[Collected data entries]
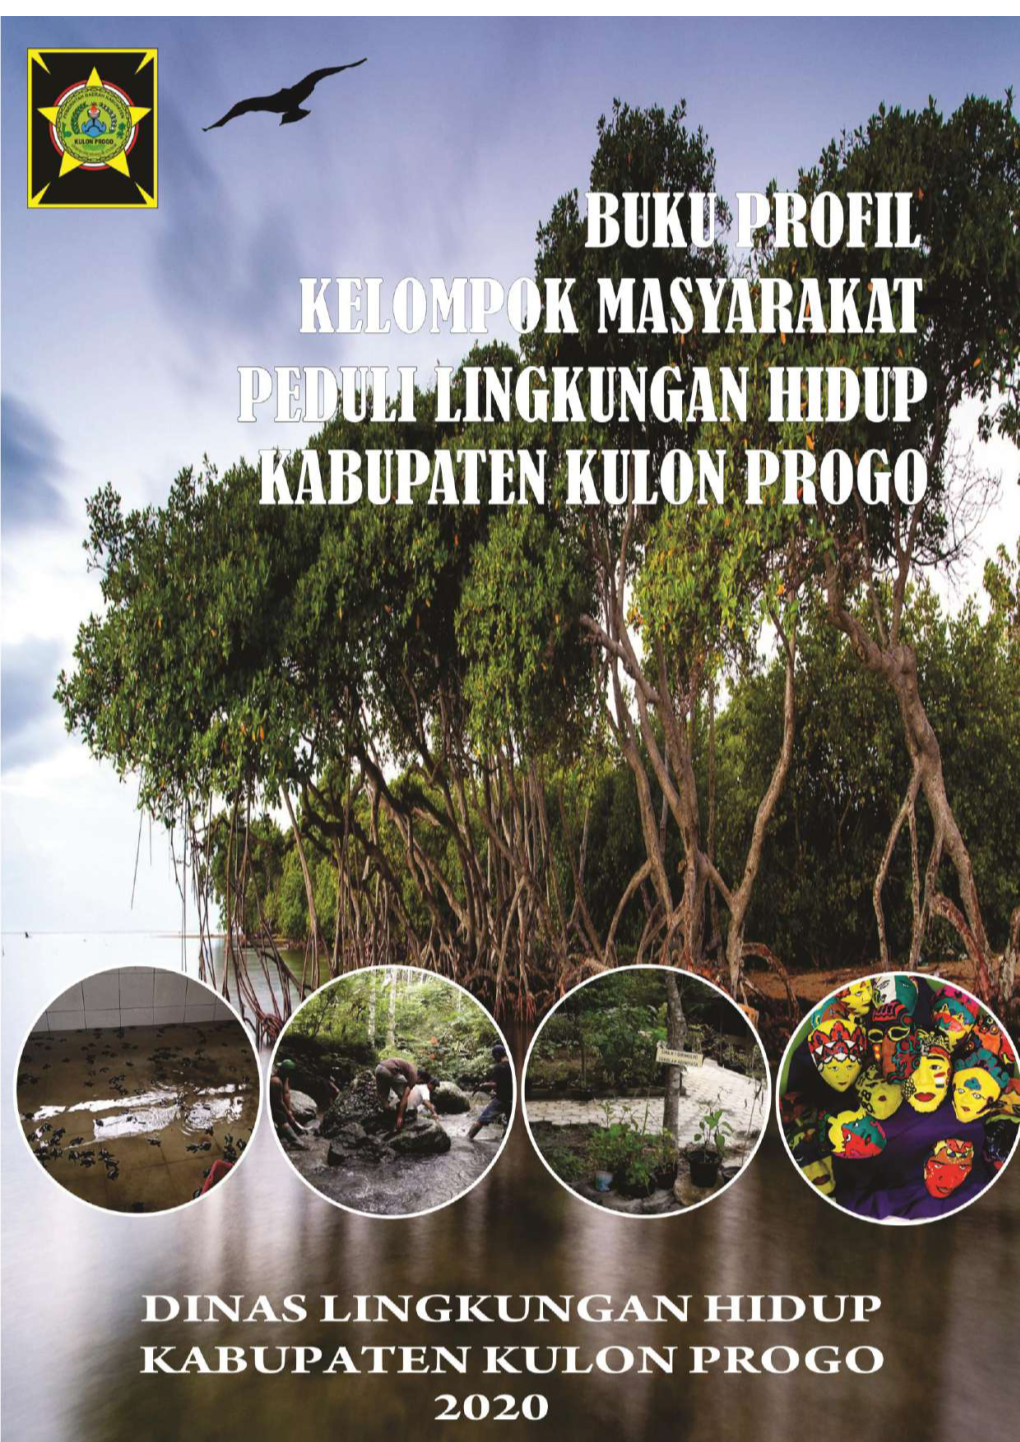 Buku Profil Kelompok Masyarakat Peduli Lingkungan Hidup Kabupaten Kulon Progo
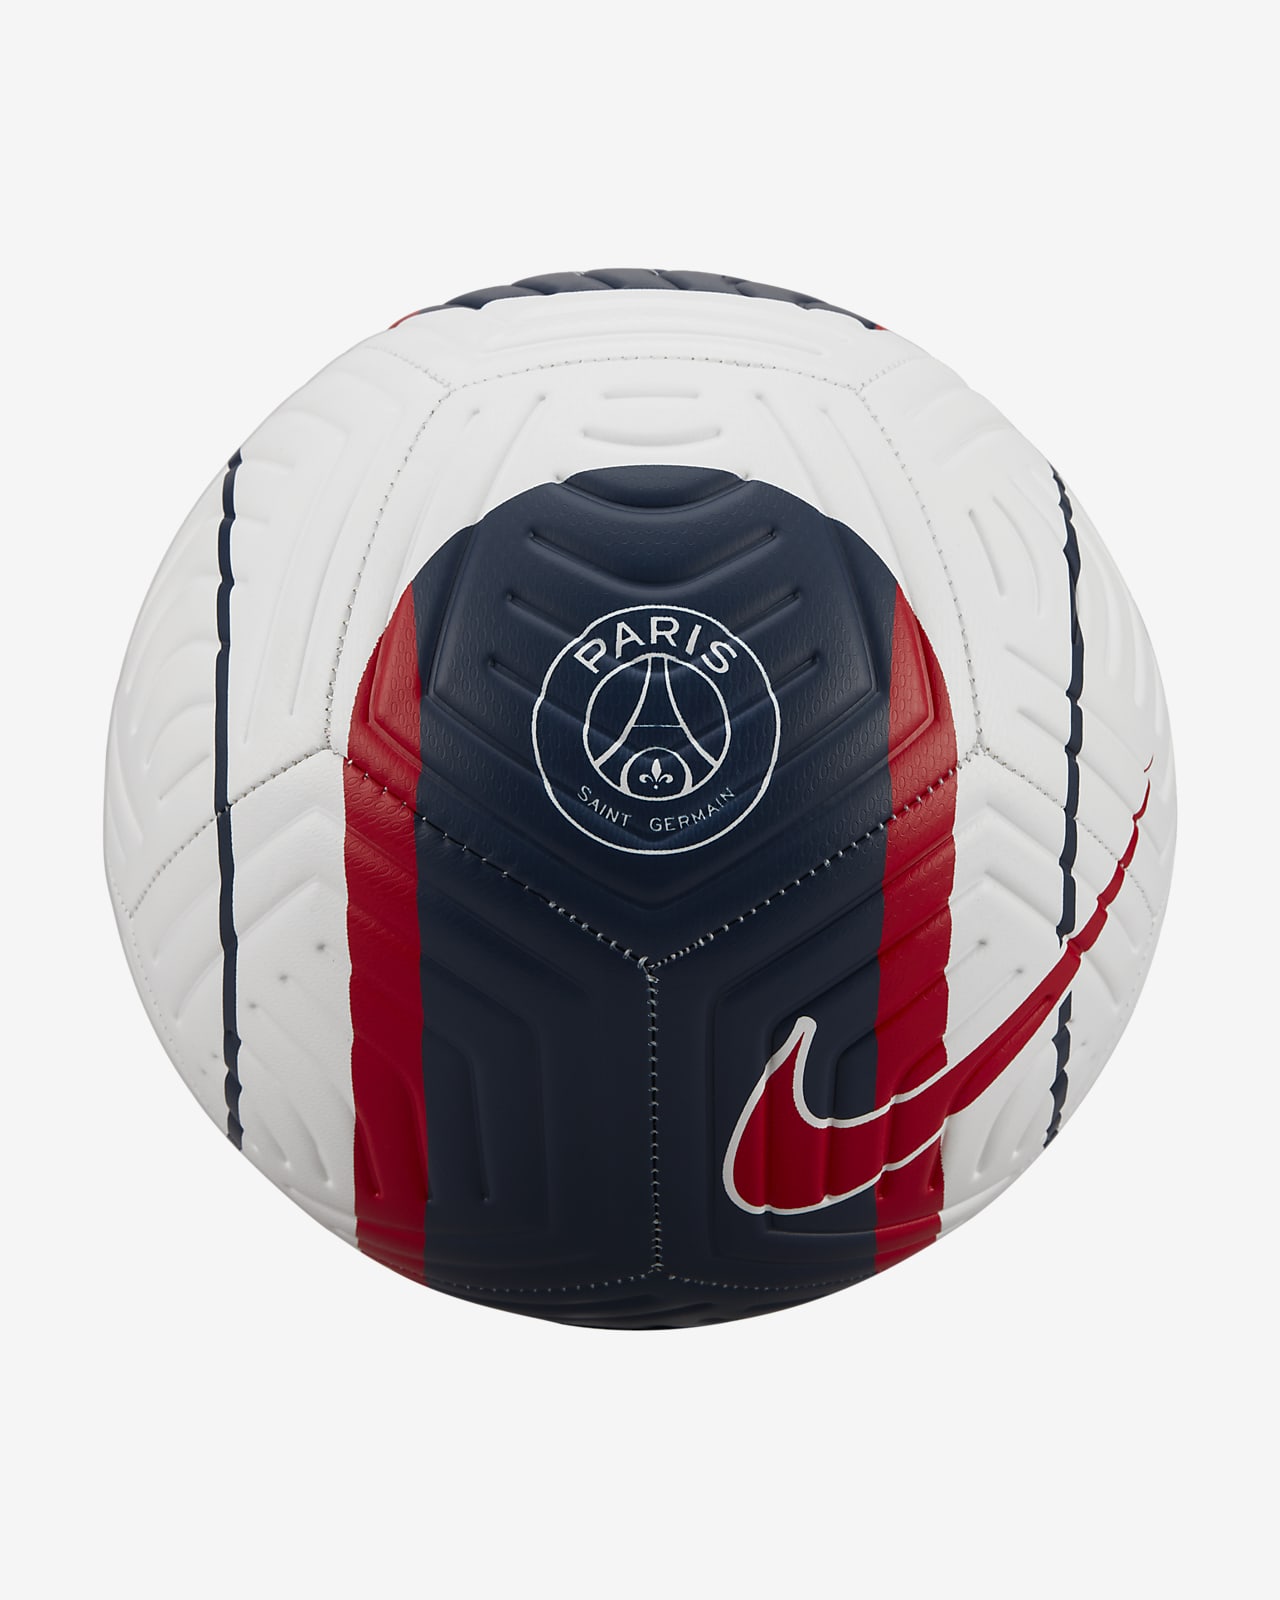 Ausencia Pino conspiración Paris Saint-Germain Strike Soccer Ball. Nike.com
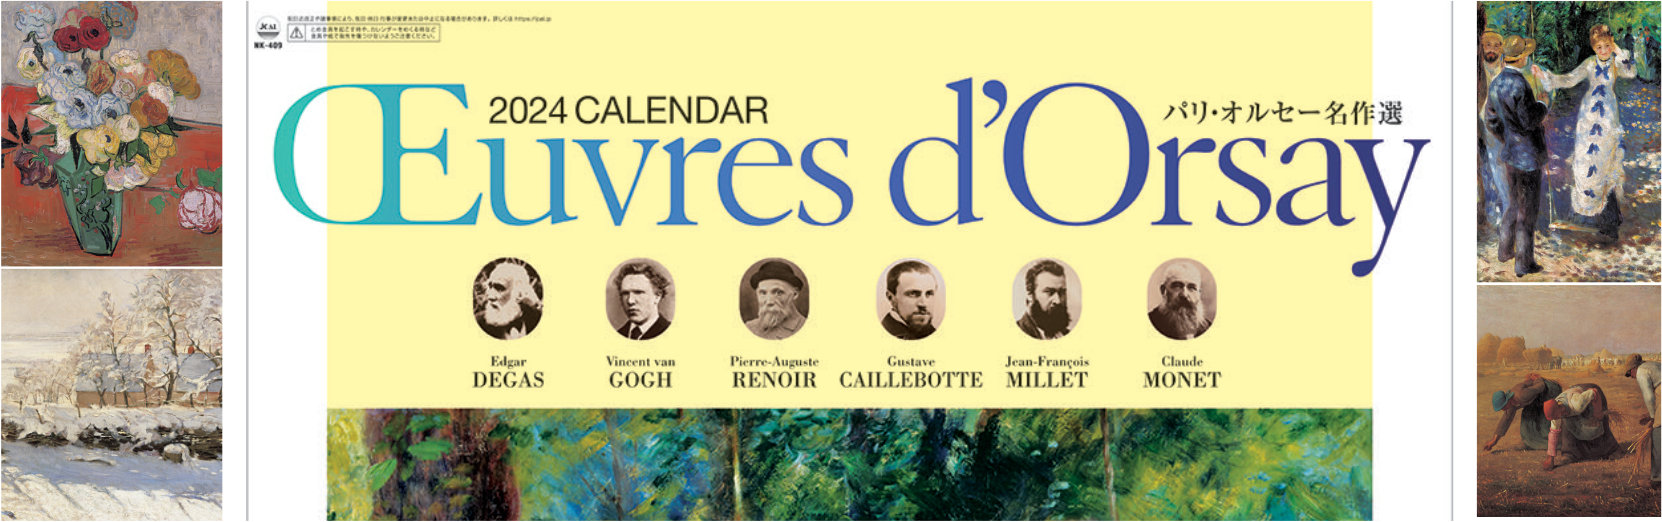 パリ・オルセー名作選 2024年版カレンダー
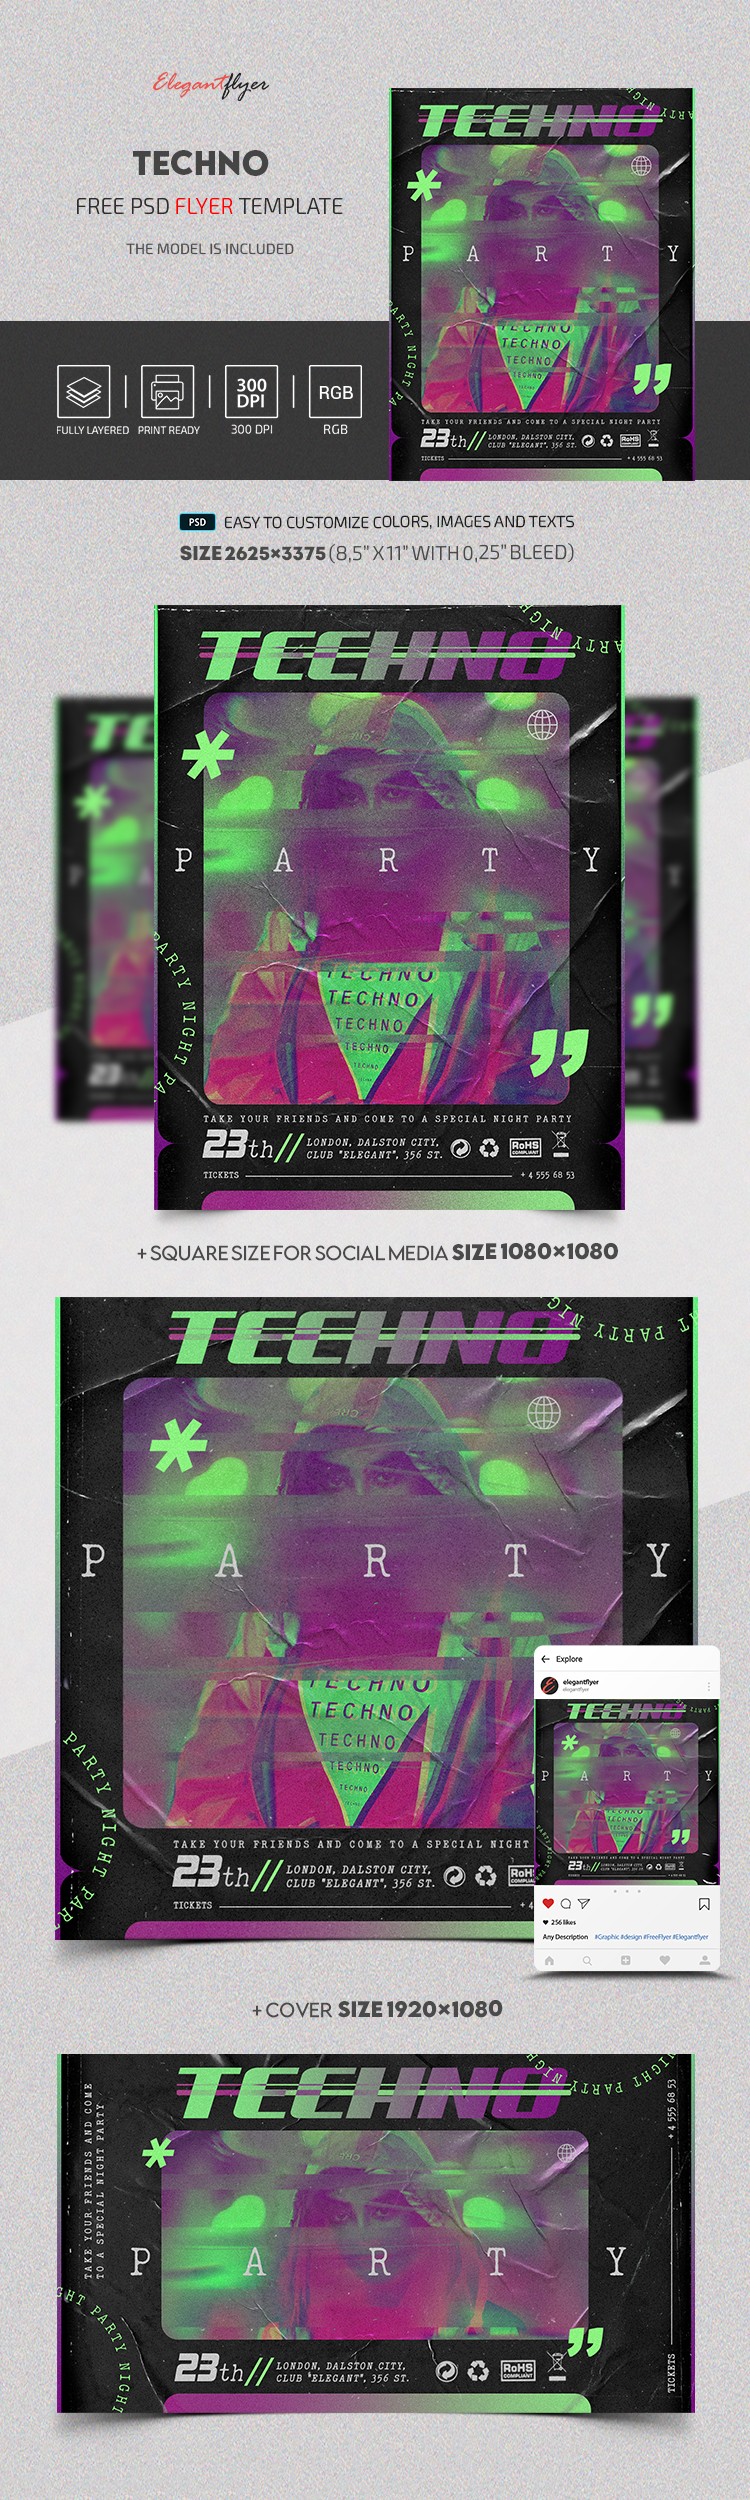 Techno Nacht Party by ElegantFlyer
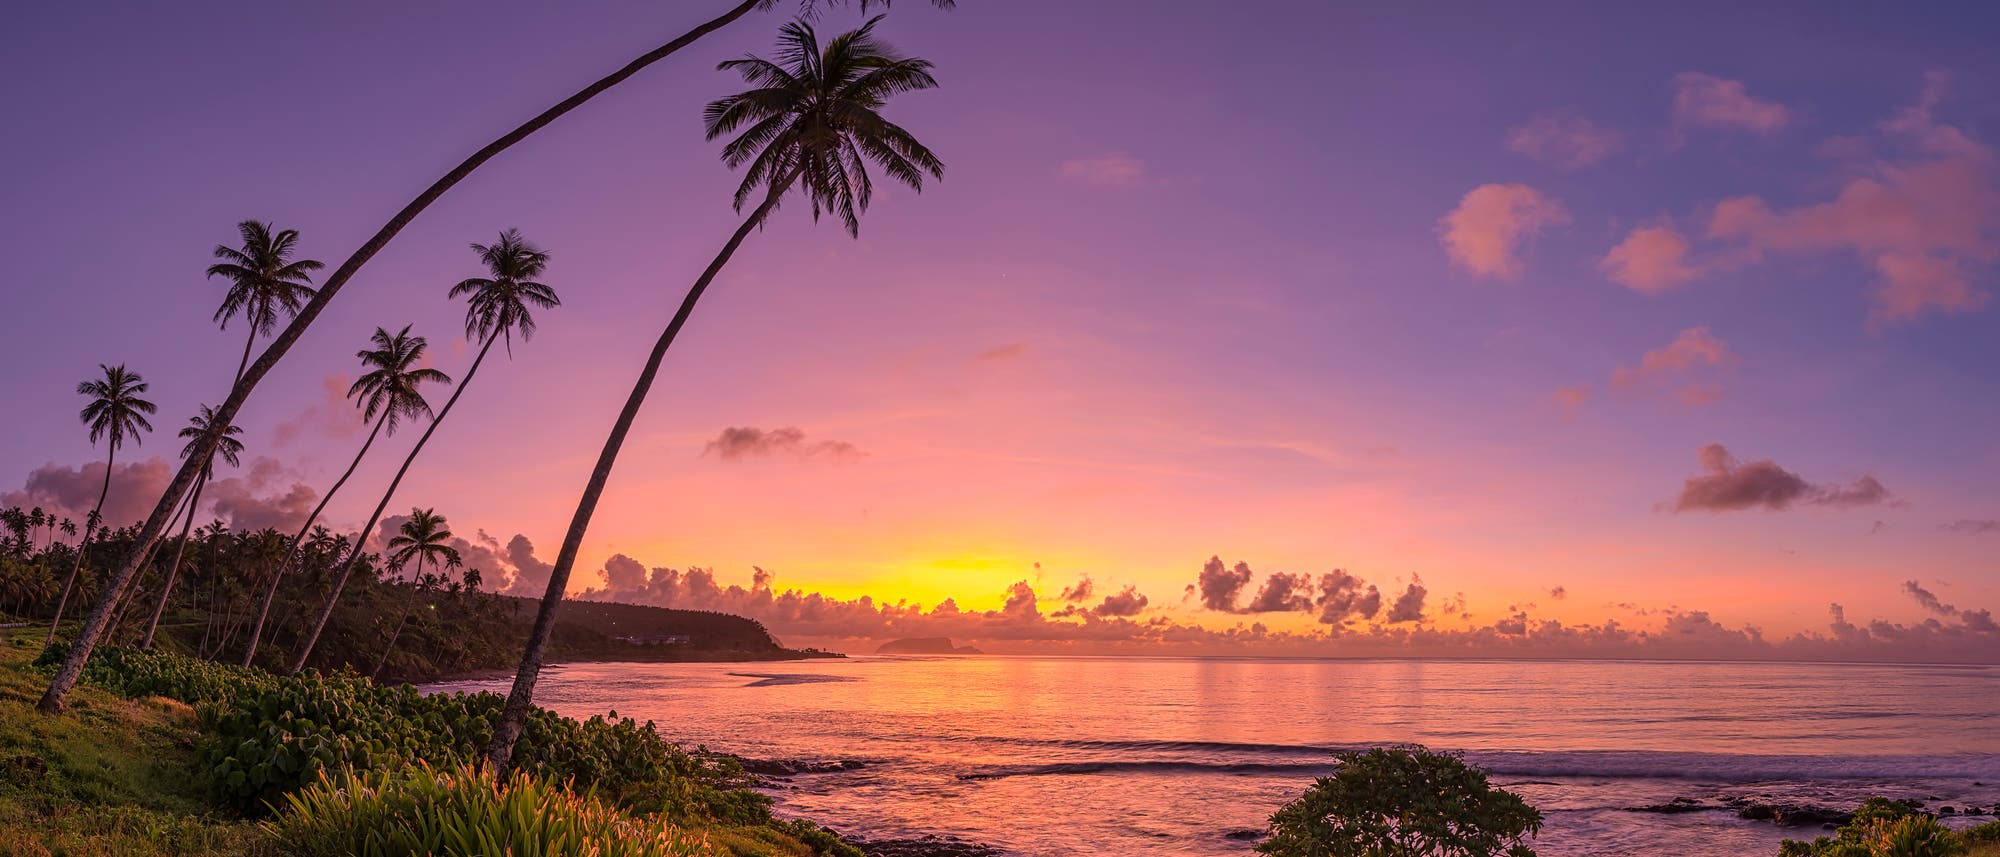 Untergang auf Samoa - in diesem Fall der Sonne

Work task → Each line above is to be duplicated exactly, and the pictures are to be omitted.

Exercise result →
 Buku Profil Kelompok Masyarakat Peduli Lingkungan Hidup Kabupaten Kulon Progo
 Ausencia Pino conspiración Paris Saint-Germain Strike Soccer Ball. Nike.com
 パリ・オルセー名作選 2024年版カレンダー
 Techno Nacht Party by ElegantFlyer
 Untergang auf Samoa - in diesem Fall der Sonne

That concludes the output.